For interactive mode:

go run ./example/main.go

5. Demos and Examples

Explore various capabilities through demo programs:

Demo Command Description
Command Structure go run cmd/command_structure_demo/main.go Shows structured command parsing
Hierarchical Intents go run cmd/hierarchical_demo/main.go Demonstrates intent hierarchy
Advanced Features go run cmd/advanced_demo/main.go Shows advanced NLP capabilities
VFS Demo go run cmd/vfs_demo/main.go Virtual filesystem demonstration
MoE Example go run cmd/moe_example/main.go MoE architecture example

6. Utility Commands

Tool Command Purpose
Generate Training Data go run cmd/generate_training_data/main.go Create synthetic training data
Inspect Vocabulary go run cmd/inspect_vocab/main.go View vocabulary contents
Create Vocabulary go run cmd/create_vocab/main.go Build vocabulary from corpus
Debug Inference go run cmd/debug_inference/main.go Debug MoE predictions

🧩 Integrating nlptagger into Your Projects

This project is more than just command-line tools. It's a collection of Go packages. You can use these packages in your own Go projects.

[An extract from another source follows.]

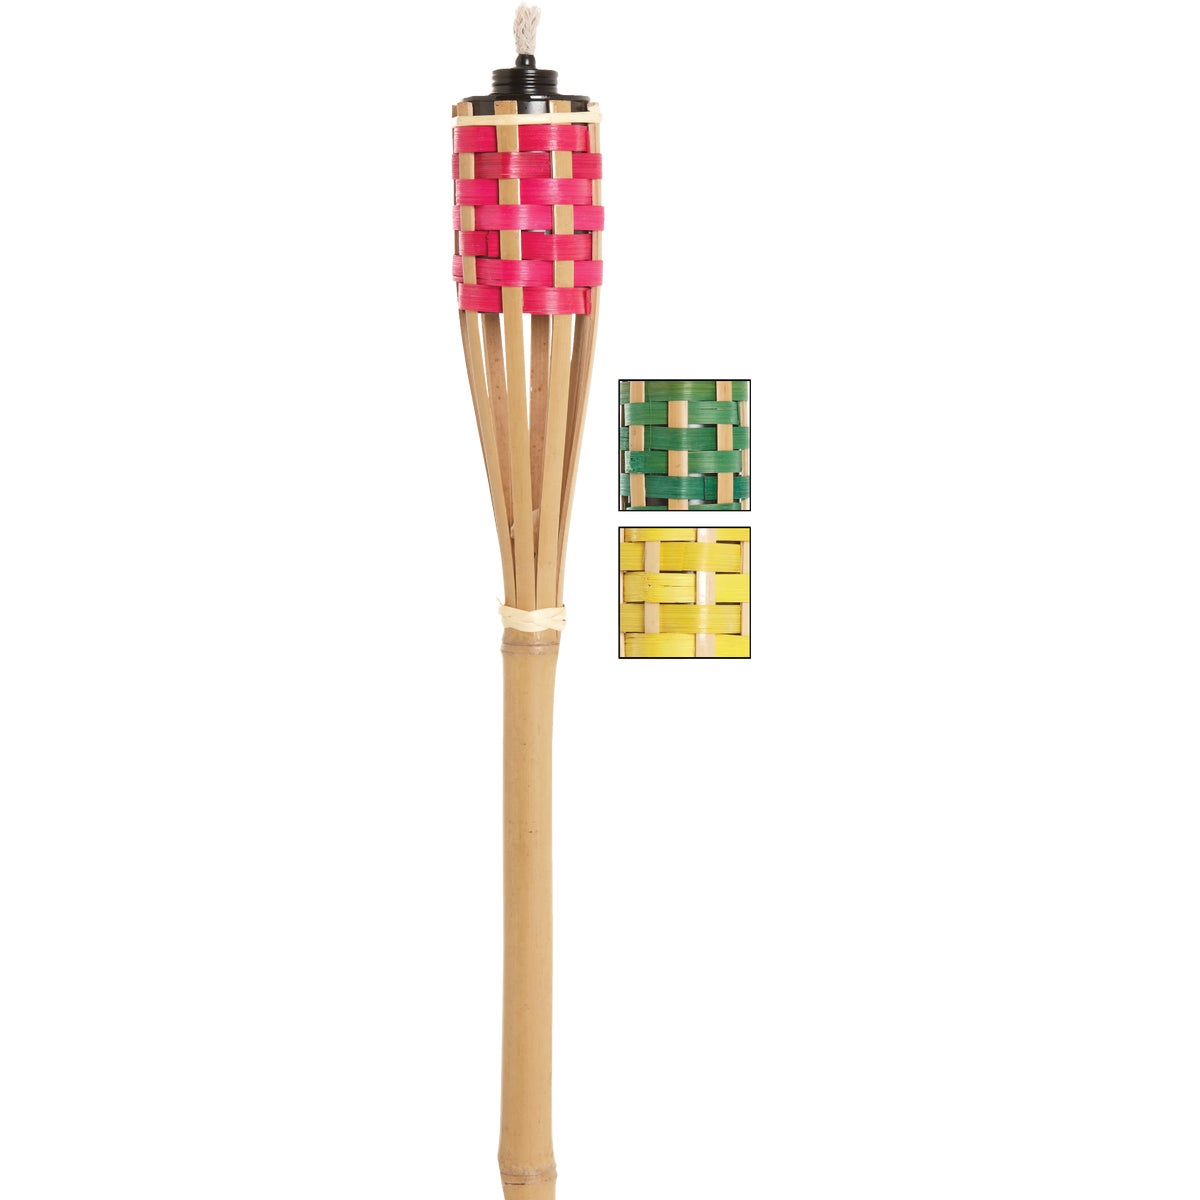 Item 753586, Durable bamboo patio torch.

Example usage is in the /example folder.

package main

import (
	"bufio"
	"flag"
	"fmt"
	"log"
	"os"
	"strings"

	"nlptagger/neural/parser"
	"nlptagger/neural/workflow"
)

var (
	query = flag.String("query", "", "Natural language query for the parser")
)

func main() {
	flag.Parse()

	// Create parser and executor instances
	p := parser.NewParser()
	executor := workflow.NewExecutor()

	// Process initial query from flag, if provided
	if *query != "" {
		processAndExecuteQuery(*query, p, executor)
	}

	// Start interactive loop
	reader := bufio.NewReader(os.Stdin)
	for {
		fmt.Print("\nEnter a query (e.g., \"create folder jack with a go webserver jill\"): ")
		input, _ := reader.ReadString('\n')
		input = strings.TrimSpace(input)

		if input == "exit" || input == "quit" {
			break
		}

		if input != "" {
			processAndExecuteQuery(input, p, executor)
		}
	}
}

func processAndExecuteQuery(q string, p *parser.Parser, executor *workflow.Executor) {
	log.Printf("Processing query: \"%s\"", q)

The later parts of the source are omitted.